En couverture du Point du 17 juillet 2014 un article signé Michel Onfray « Combattre l’incivilité, c’est résister à la barbarie ». En voici un extrait:
Olivia Recasens: Faut-il voir dans la montée des incivilités un indicateur du degré de notre civilisation ?
Michel Onfray: La politesse est le premier degré de la morale, elle est le signe éthique par excellence. Par elle, on dit à l’autre qu’on a vu qu’il existait et qu’on prend en considération sa présence, donc son existence . (…)
Olivia Recasens: Le triomphe du chacun-pour-soi serait-il le dernier avatar du libéralisme sauvage ?
La fin de tout ce qui faisait communauté (la religion avec le judéo-christianisme et la politique avec les idéaux marxistes) a laissé place au nihilisme d’une époque dans laquelle, en effet, l’argent fait la loi. Le libéralisme, en tant qu’il suppose les pleins pouvoirs du marché, a substitué des « valeurs » aux valeurs anciennes: l’idéal se trouve moins dans le prêtre ou dans le militant que dans l’égotiste, qui se permet tout.
Olivia Recasens: Mais jouir aux dépens des autres marque le triomphe de la liberté individuelle, celle du bon plaisir; faudrait-il donc s’en réjouir ?
Michel Onfray: Non, sûrement pas. Tout ce qui s’obtient aux dépens des autres est à éviter: je suis l’autre pour des milliards de personnes sur la planète, il me faut donc être avec les autres comme j‘aimerais que les autres soient avec moi. C’est l’éthique minimale en nos temps sans transcendance. Se savoir centre du monde d’un point de vue ontologique en sachant que chacun se sait aussi pareillement centre du monde et qu’il faut donc connecter en permanence ces centres pour réaliser des réseaux éthiques et produire de la morale en actes. (…)
Olivia Recasens: Si faire preuve d’incivilité, c’est nuire à tous en ne respectant personne, dès lors comment encore vivre ensemble ?
Michel Onfray: En inversant l’invitation évangélique qui disait: « Ne fais pas à autrui ce que tu ne voudrais pas qu’il te fasse » au profit de celle-ci: « Fais à autrui ce que tu voudrais qu’il te fasse ». On passerait alors d’une morale de l’évitement de la négativité à une éthique positive de la proposition volontariste hédoniste. Non pas vouloir éviter le mal, ce qui est déjà beaucoup, mais réaliser le bien, ce qui est mieux.

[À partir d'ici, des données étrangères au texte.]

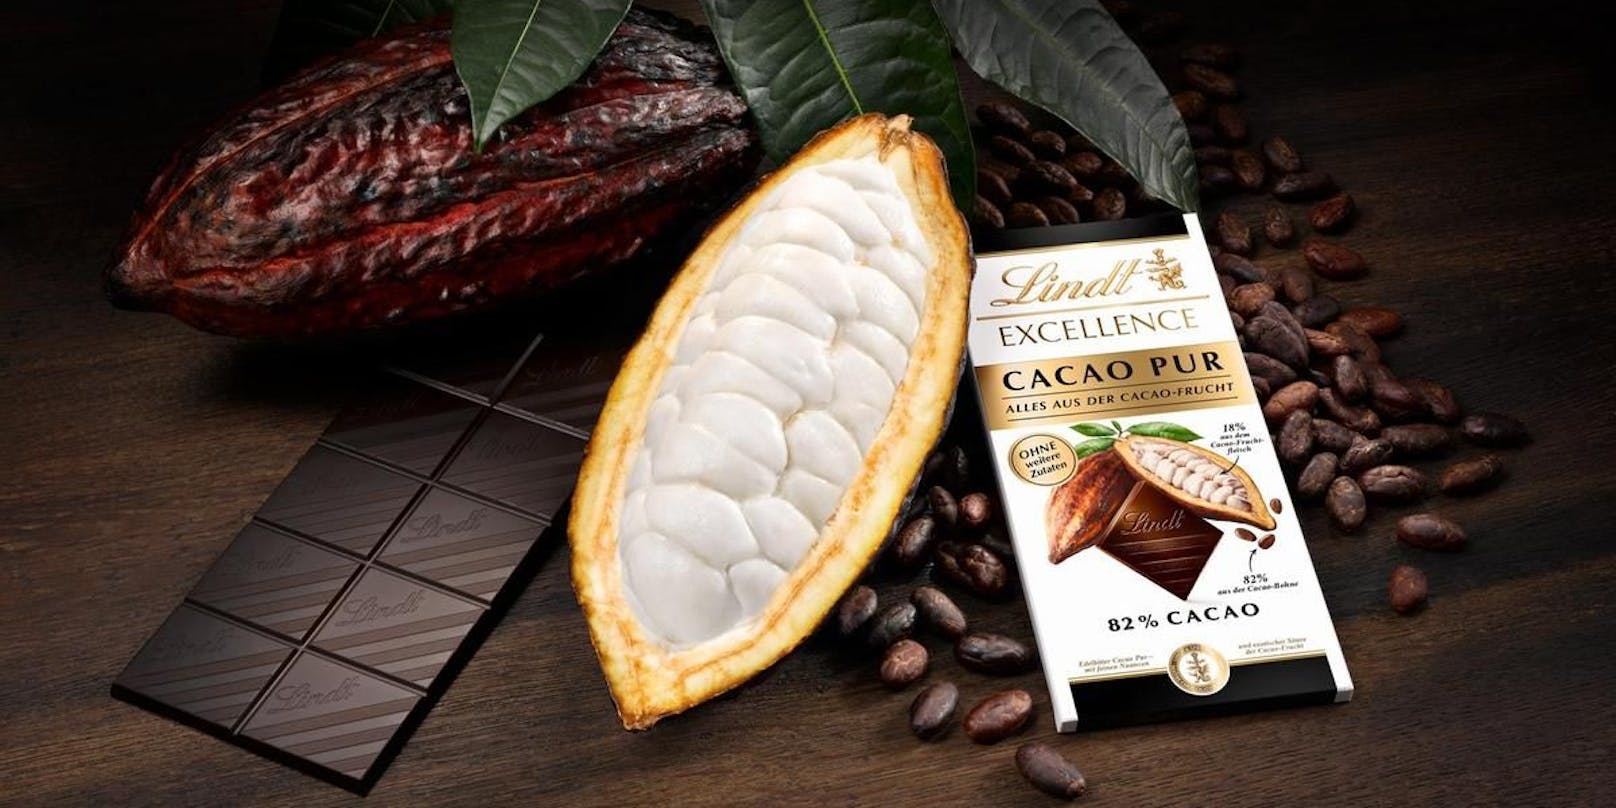 Die neuste Lindt-Kreation "Excellence Cacao Pur" darf nicht Schokolade heißen.

Olivia Recasens: L’homme n’a jamais réussi qu’en coopérant; la loi du chacun-pour-soi signe-t-elle la fin de l’humanité ?
Michel Onfray: Il y a les sauvages, les barbares, les égoïstes, les brutes qui sont seuls au monde et chosifient tout ceux qu’ils approchent et tous ceux qui les approchent. Puis il y a les hédonistes, les altruistes, les généreux, les prodigues qui veulent transformer en fête toute relation avec autrui. Les premiers sont plus nombreux que les seconds, bien sûr. Et la brutalité l’emporte toujours quand elle est en compétition avec la gentillesse - qui est à mes yeux vertu cardinale et première.
Olivia Recasens: Au final, combattre l’incivilité, n’est-ce pas résister à la barbarie ?
Michel Onfray: Si, absolument, et d’une façon éminemment concrète.